Thursday, August 14, 2008

Capturing high-speed action


Today I was thinking of the upcoming 4-day home stand of the Indianapolis Indians (8/15-8/18). It made me think about what it is I love about watching baseball (or any other sport). To enjoy a sport is much like enjoying anything else. In order to savor the moments of excitement, you have to know something about what you are watching. You can apply these basic ideas to sports, food, fine art, cars...whatever. Since I am the most comfortable with baseball, I'll use that sport as an example. What does this have to do with the title? Bear with me.

Let's say you are at a baseball game, and a batter just made it to first and stayed there. You know the next move is to steal second base, or stretch it to third. You now know where the potential action will be. Ok, you don't have a multi-thousand dollar camera setup, but you have a small PNS (thats "point-n-shoot" folks), so how do you do this?

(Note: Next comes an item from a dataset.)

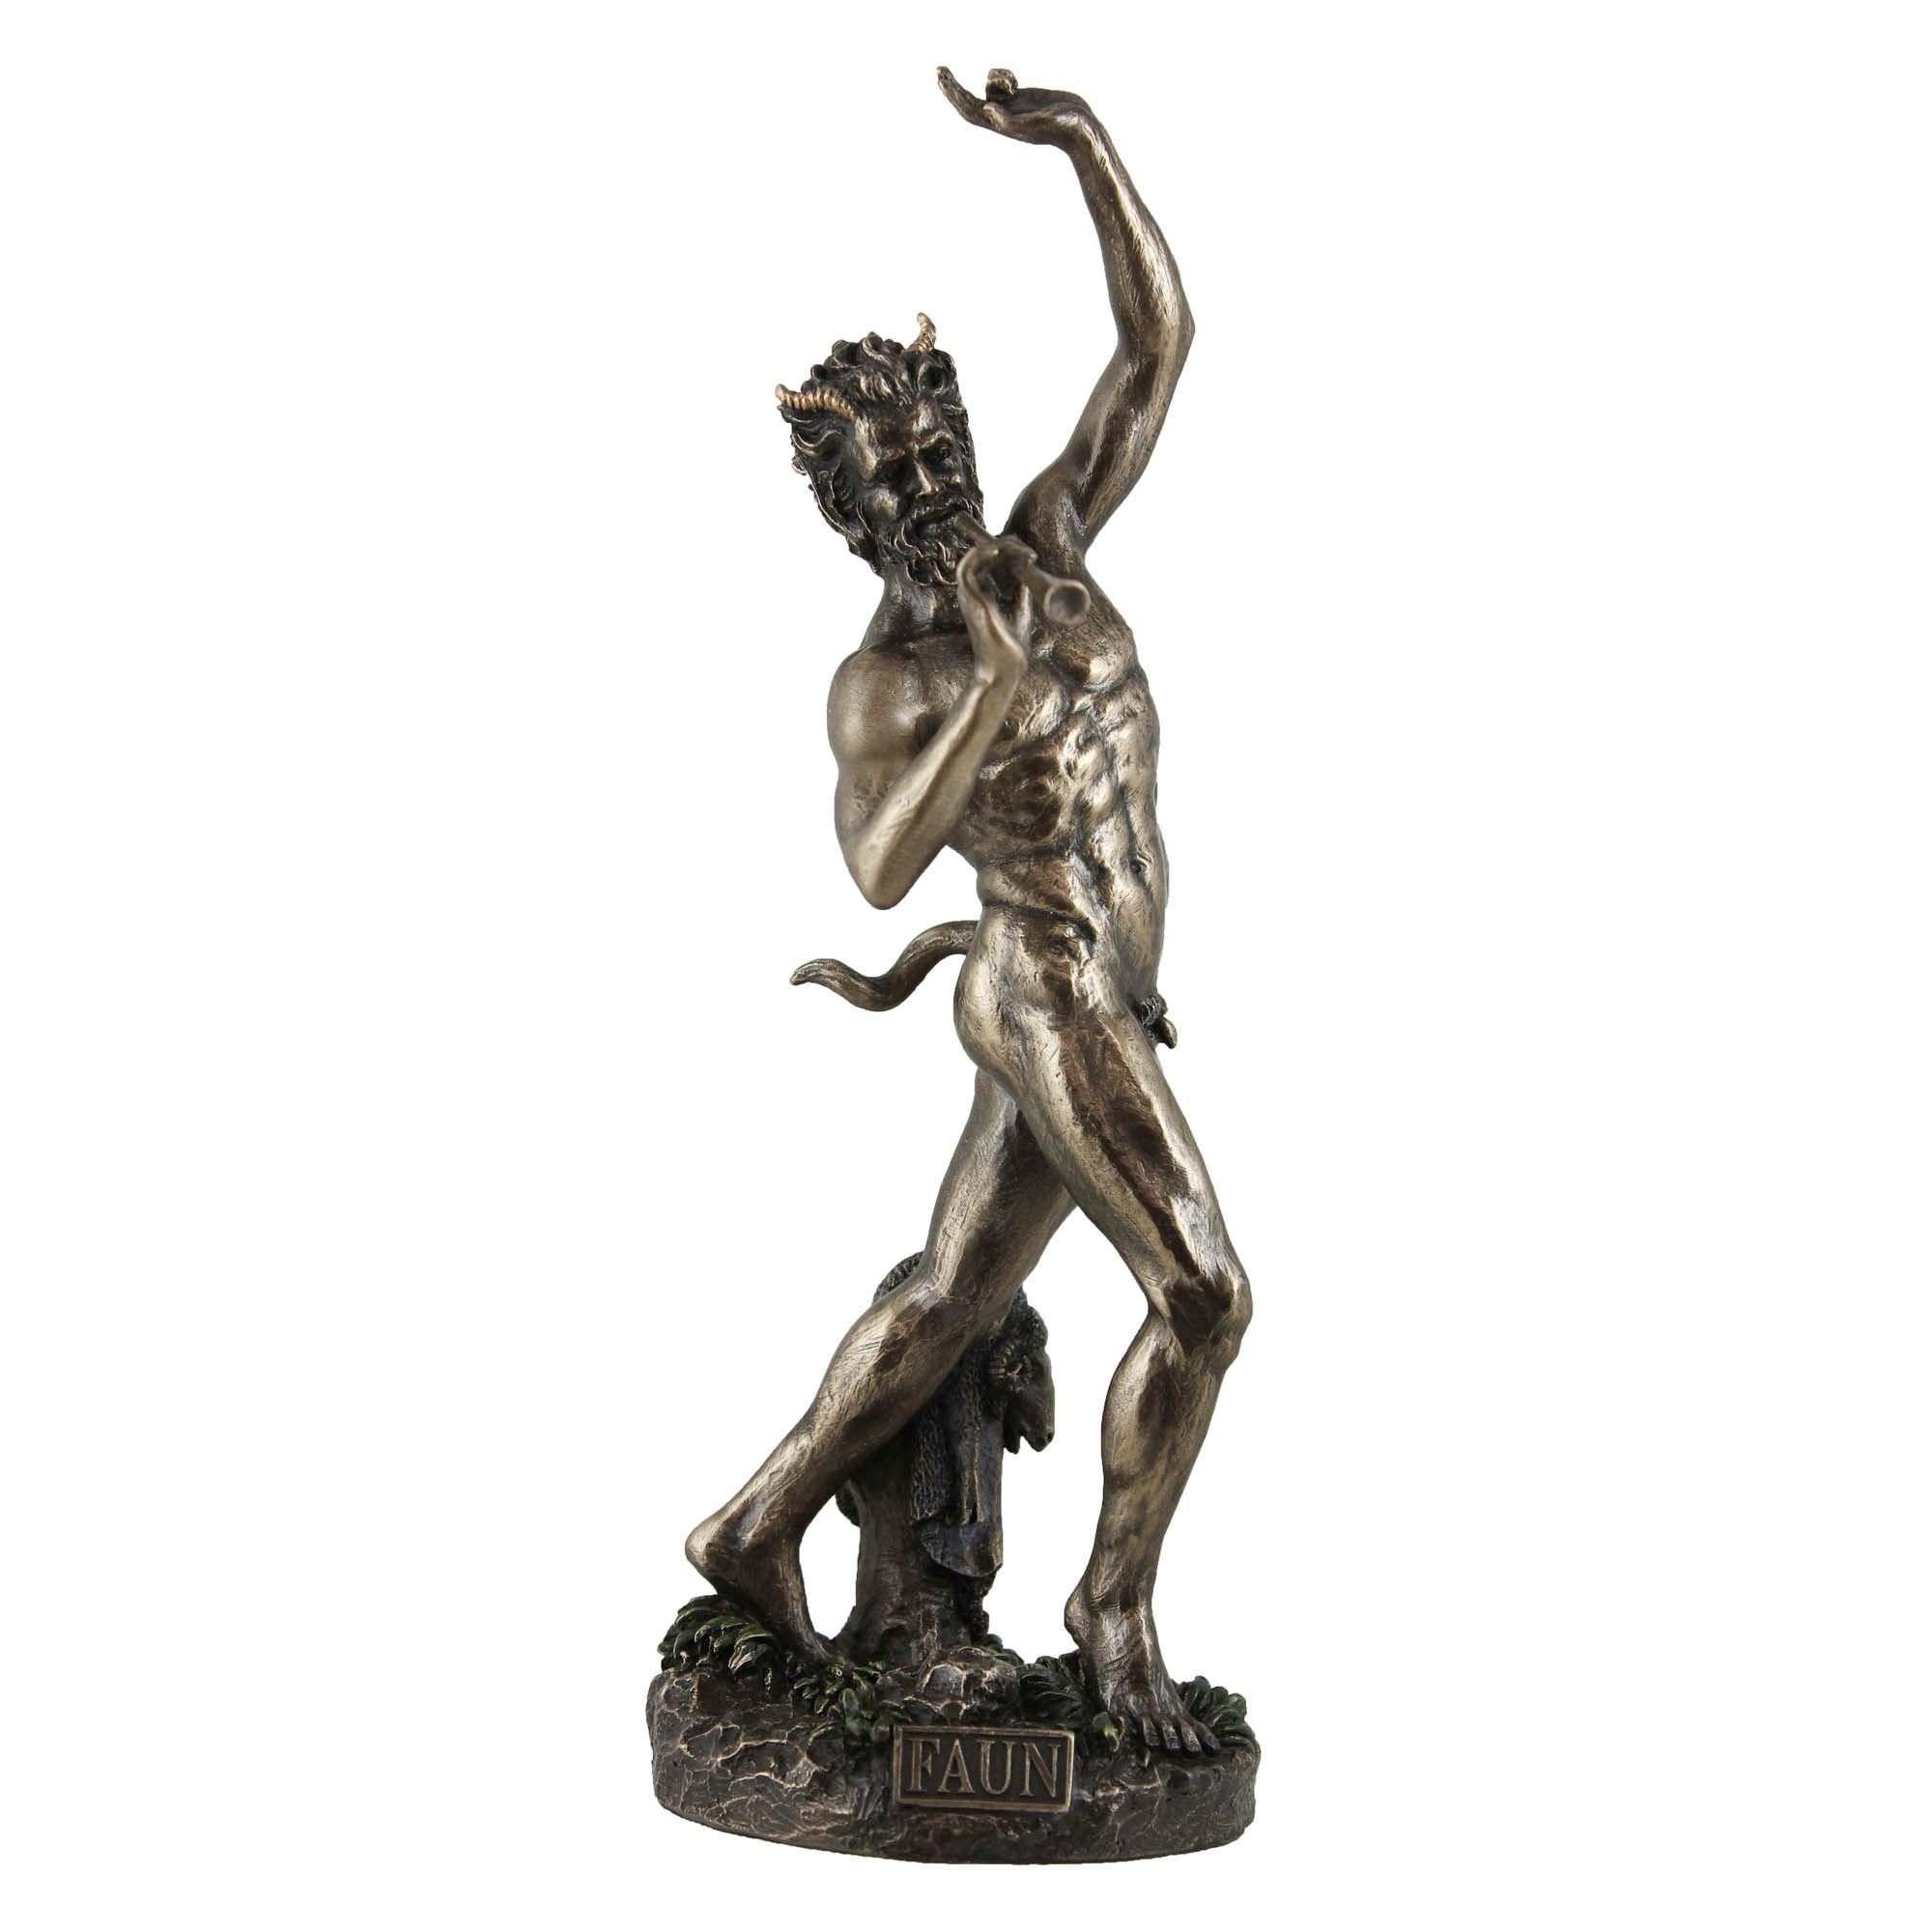 Veronese Cold Cast Bronze Coated Roman Mythology Figurine, Faun

It takes patience and a steady finger. Point and zoom your camera on the point where the action will take place. Remember to leave enough space in your frame to account for the action that could take place. Now, press the shutter button half-way down. On most cameras, this will tell the camera that you want to focus and meter the exposure (light or dark) for the photo you are about to take. Make sure the focus indicators have focused on something relevant (such as the baseman or the base) and not the outfield, the sky, or something else. If you need to re-focus, take your finger off the shutter button and press half-way again. Repeat until you think you got focus on the right thing. Now, just hold that finger there until the action happens! Remember what I said about the steady finger?

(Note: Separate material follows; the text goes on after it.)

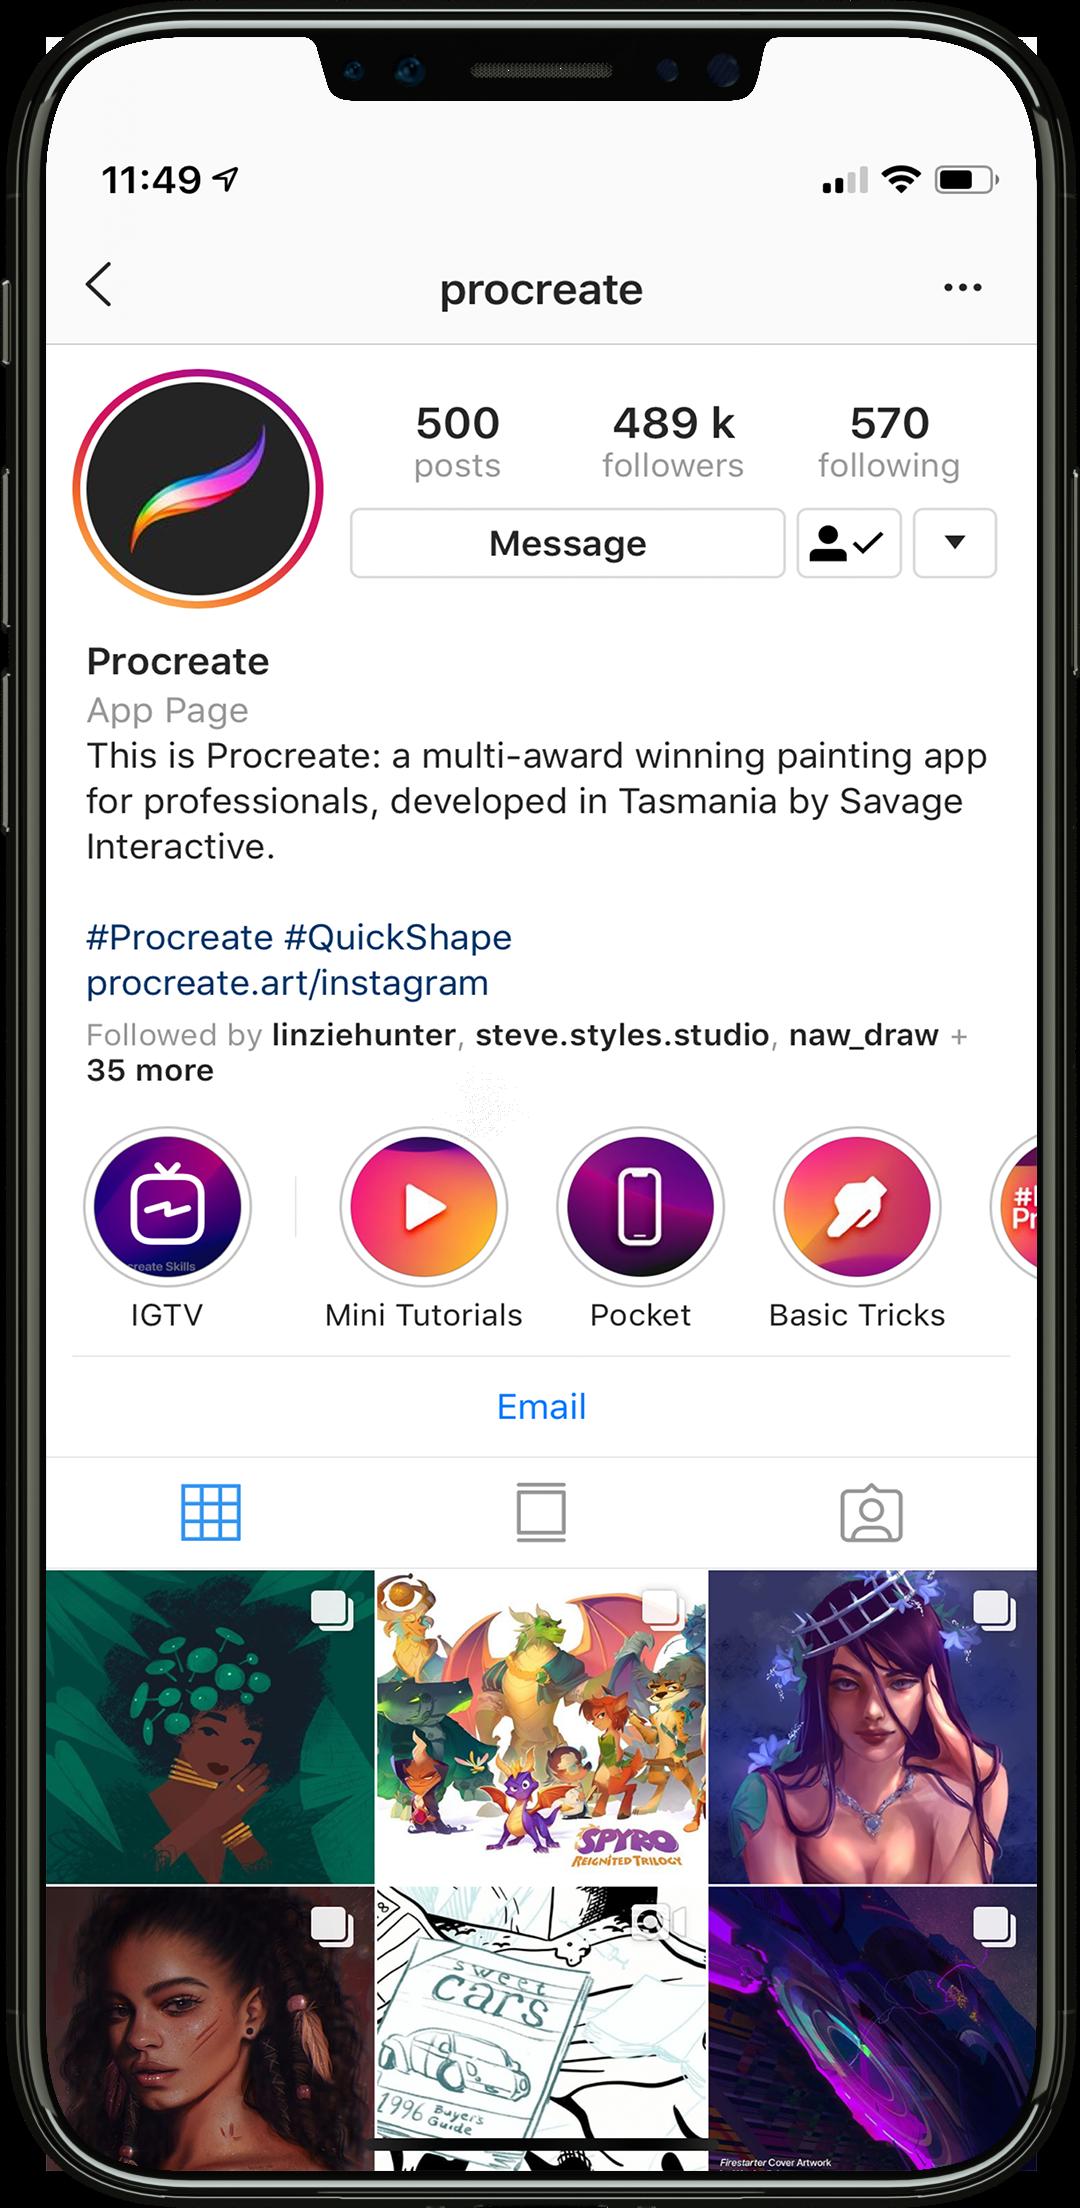 procreate instagram photos

Ok, the runner stole the base, and you pressed the shutter button. You got the framing right, and got the right timing so it looks cool, but the runner is blurry.

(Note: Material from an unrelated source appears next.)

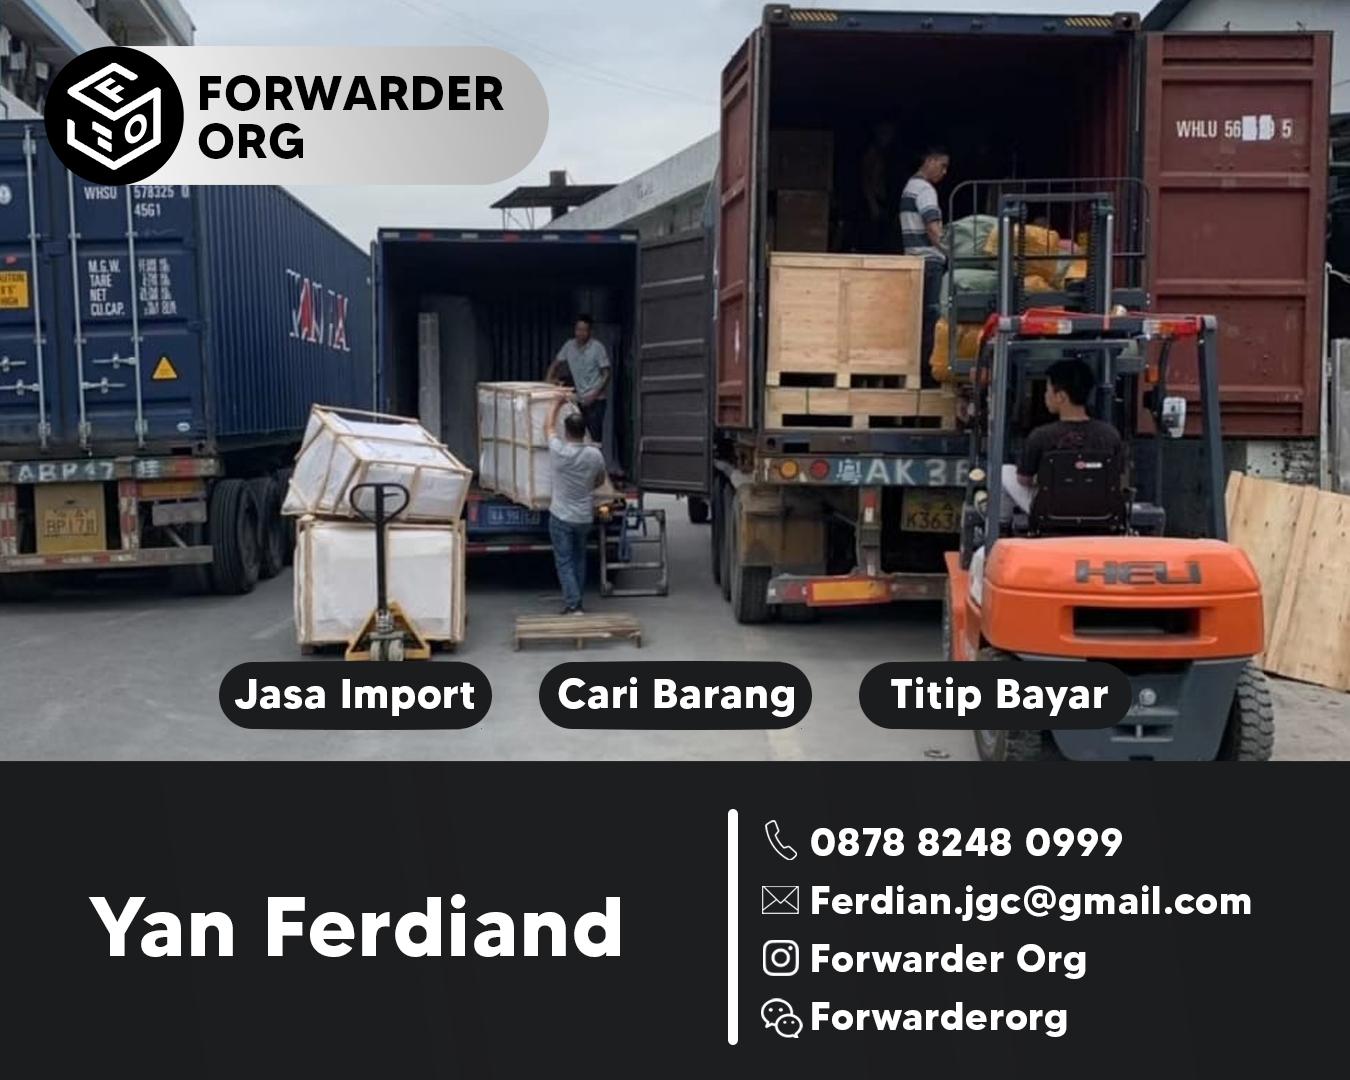 Jasa Import Sparepart Alat Berat dari China | FORWARDER ORG

Your shutter speed was too slow. Some PNS cameras let you set shutter speed priority (Tv or S on the dial). You many have to hunt through menus. Alternatively, some cameras also have "sports" scene modes. You know, that icon that looks like a person running?

Set your camera on "sports" scene or shutter priority with a shutter speed of at least 1/500 of a second (the larger the number on the bottom, the faster the shutter). Try it all again!

Remember, no matter what camera you have, night games with field lights are hard to shoot. Day games will always look the best.